Filtering hard attributes before running a private evaluation pipeline: A team building an on-device mobile assistant immediately eliminates all hosted-API models (hard attribute: on-device requirement) before any benchmark comparison. Among remaining open-weight candidates, they eliminate those with licenses prohibiting commercial use. Only then do they run benchmark screening and private evaluation on the reduced candidate pool — saving the cost of evaluating models that could never be deployed (Chapter 4).

Detecting data contamination via perplexity anomaly: Brown et al. (2020) found that 13 benchmarks had at least 40% data overlap with GPT-3 training data. Rylan Schaeffer's 2023 satirical paper "Pretraining on the Test Set Is All You Need" demonstrated the mechanism exactly: a 1M-parameter model trained exclusively on benchmark data achieved near-perfect scores, outperforming far larger models.
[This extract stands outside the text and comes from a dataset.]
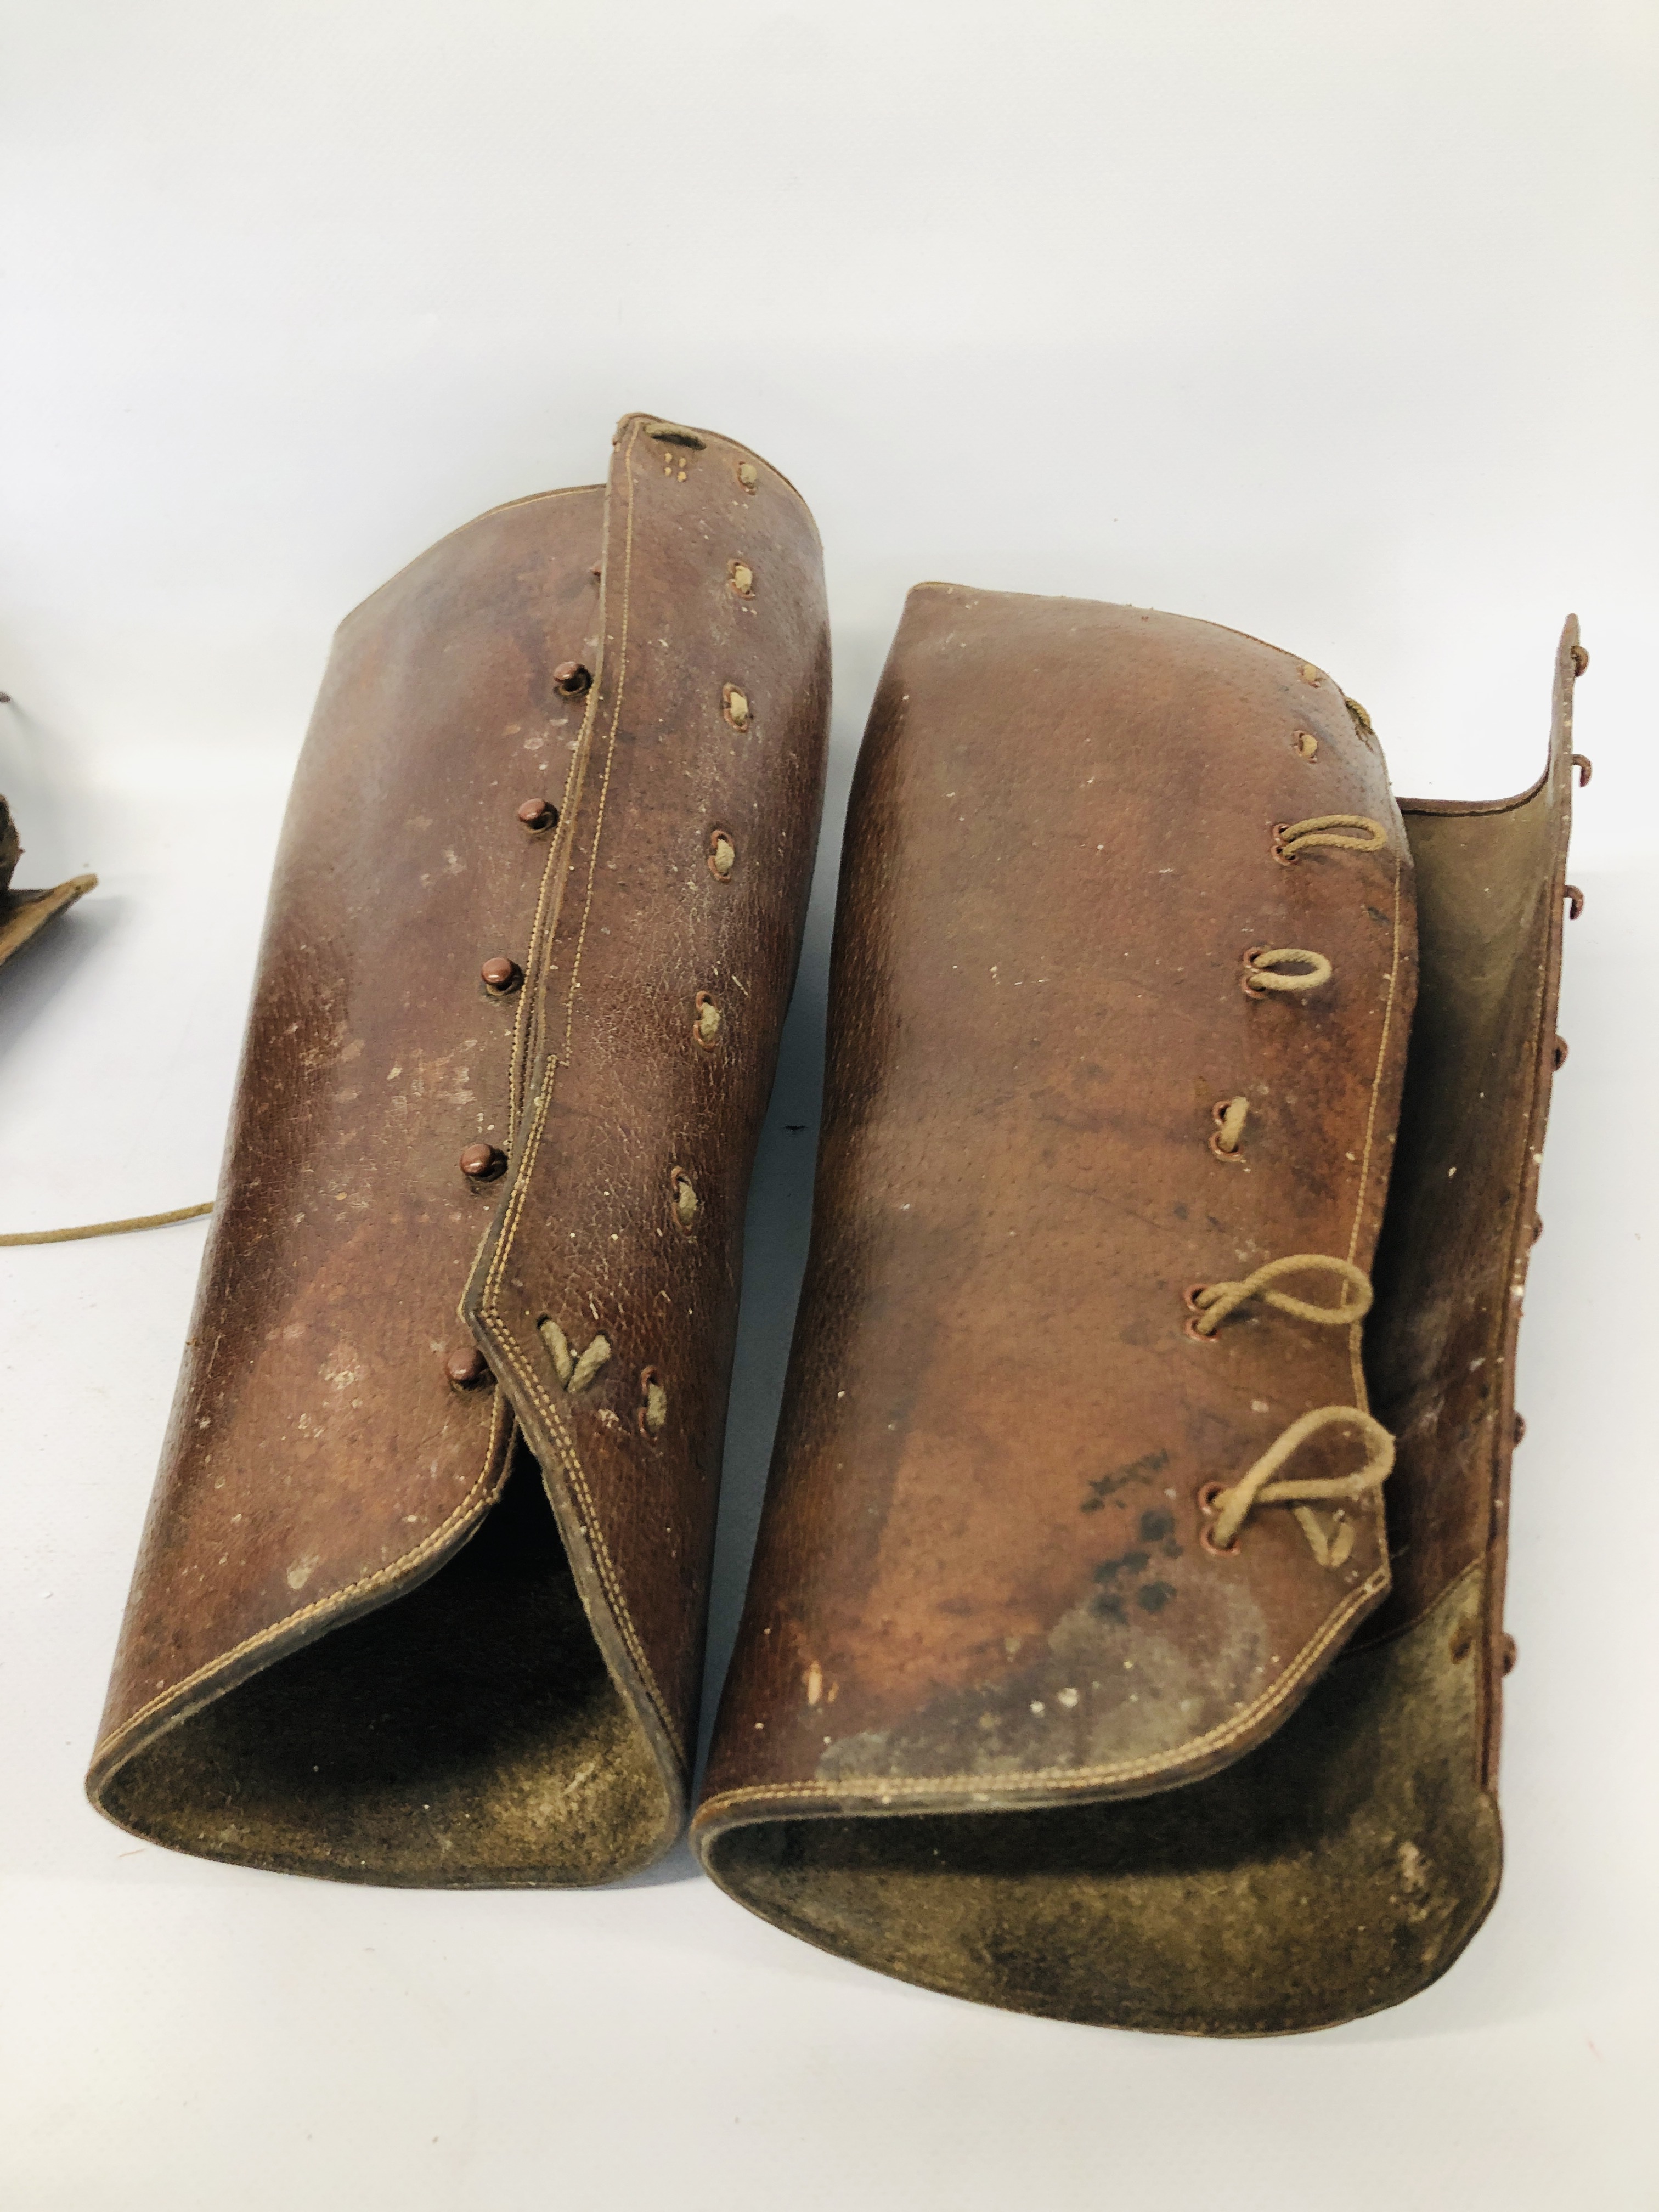 SIX PAIRS OF LEATHER BUSKINS - Image 2 of 8

A perplexity anomaly — unexpectedly low perplexity on benchmark examples relative to similar held-out text — is a detection signal that a benchmark may be contaminated in a model's training data (Chapter 4).

Counterpoints

Evaluating soft attributes before filtering hard attributes wastes evaluation budget and can produce a misleading recommendation. If a team identifies the most accurate model through extensive private evaluation and then discovers its license prohibits their use case, the evaluation work is entirely lost. Hard attributes are the correct first filter precisely because they are binary and cheap to check (Chapter 4).

Building evaluation after the product — the lamppost problem — leads to optimizing what is easy to measure rather than what matters. Teams that define evaluation criteria post-hoc tend to retrofit metrics to the outputs they already have, rather than measuring whether the system achieves the application's actual goals. The causal chain runs the other direction: clear evaluation criteria drive measurable iteration loops, which drive reliable production systems (Chapter 4).

Using a single benchmark score instead of the four-bucket framework conflates distinct capability dimensions. A model that scores well on domain-capability benchmarks may still fail to follow format instructions or meet latency requirements. Additionally, benchmark correlation analysis (Galambosi, January 2024) shows that WinoGrande, MMLU, and ARC-C correlate at 0.89–0.90, meaning a composite score dominated by those benchmarks over-weights a single reasoning dimension and under-weights orthogonal capabilities like truthfulness, which has only moderate correlation (0.42–0.55) with reasoning benchmarks (Chapter 4).

Key Quotes

"The applications most reliably in production — recommender systems, fraud detection, code generation, classification — share one property: obvious, measurable evaluation criteria." (Chapter 4)

"Hard attributes should eliminate candidates before any experimentation begins." (Chapter 4)

"These same guidelines become annotation guidelines for finetuning data in Ch. 8, making early investment doubly valuable." (Chapter 4)

"Public benchmark comparisons are unreliable for model selection. They are useful only for coarse filtering — screening a large candidate pool down to a small one before private evaluation." (Chapter 4)

Rules of Thumb

  • Define evaluation criteria before writing application code; treat undefined "good" as a blocking requirement, not a later task.
  • Filter hard attributes (license, size, privacy, on-device) first — any candidate that fails a hard attribute is eliminated before benchmarking begins.
  • Use the four-bucket framework as a checklist; a model must pass all four buckets, not just the domain-capability bucket.
  • Treat public benchmark scores as a coarse filter only; run a private evaluation pipeline on your actual data before making a final selection.
  • Invest in evaluation guidelines early — the same rubrics that define "good" for evaluation will become annotation guidelines for finetuning, compounding their value.